# Pickapeppa recipe



## phreak (Mar 18, 2009)

Does anyone have a recipe similar to Pickapeppa??? 
All I've found online is this one 
http://www.recipezaar.com/Pickapeppa-Sauce-319040

I don't think that will be even close as I know the real Pickapeppa has several different fruits and raisins...I would like to make a pickapeppa like sauce with a little more heat than the off the shelf version.


----------



## rivet (Mar 18, 2009)

The caribbean flavor of Pickapeppa is good but it does need heat.
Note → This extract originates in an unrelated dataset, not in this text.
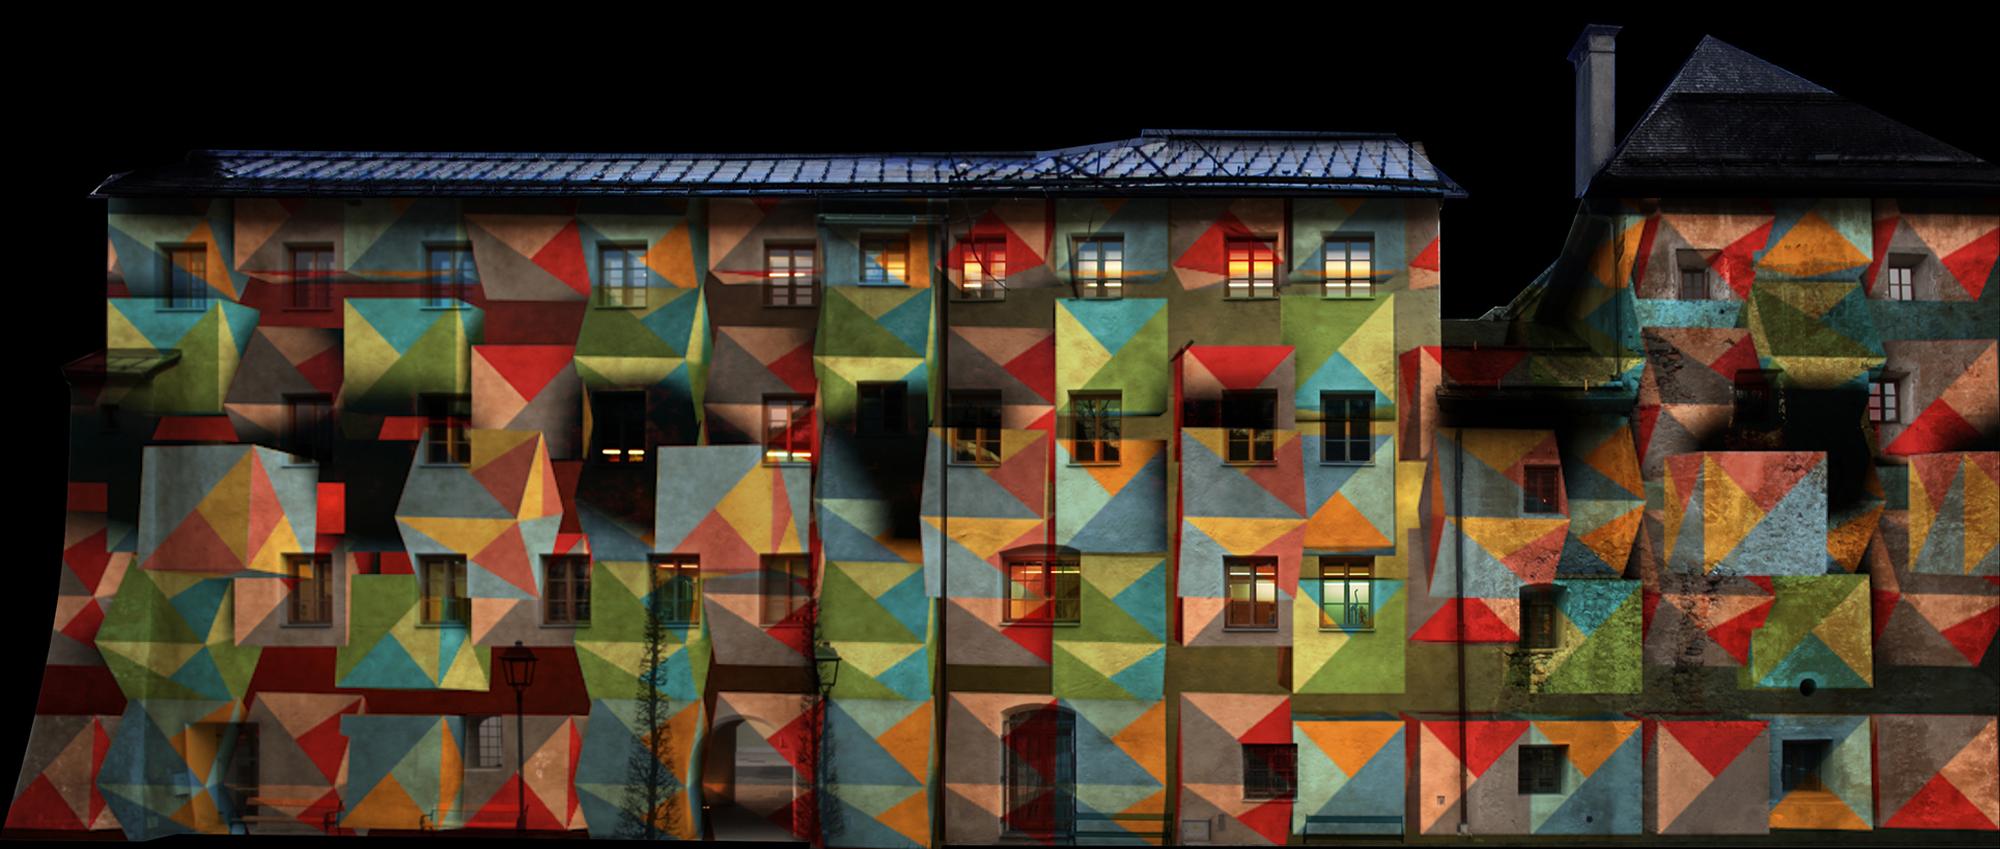 11-Making-Of-Kitzbühel

I add a boatload of red pepper flakes to it and use it as a rub, tho' I've spooned that thick mess on plain roasted chicken on my plate. Depending on your heat tolerance control the amounts of flakes you add. It is an easy way to dial up the heat. Hope this helps...


----------



## cowgirl (Mar 18, 2009)

Mmmm.... I love pickapeppa on creamcheese then schmeared on a cracker. lol  Good stuff. :)


----------



## fire it up (Mar 18, 2009)

You need some heat I can help with that.  Attempting to grow some bhut jolokia this year, assuming they grow well enough I am going to have more than my fair share of jolokia, not to mention habanero and everything else.  Anyone happen to be in the Southern Jersey area come middle of summer/ripining time you would be more than welcome to stop by for some peppers.  Never know, I just may be smoking a fattie too, and hopefully something going on the smoker.


----------



## mgwerks (Mar 18, 2009)

LOL - your Yiddish is showing, Jeanie!


----------



## cowgirl (Mar 19, 2009)

LOL...


----------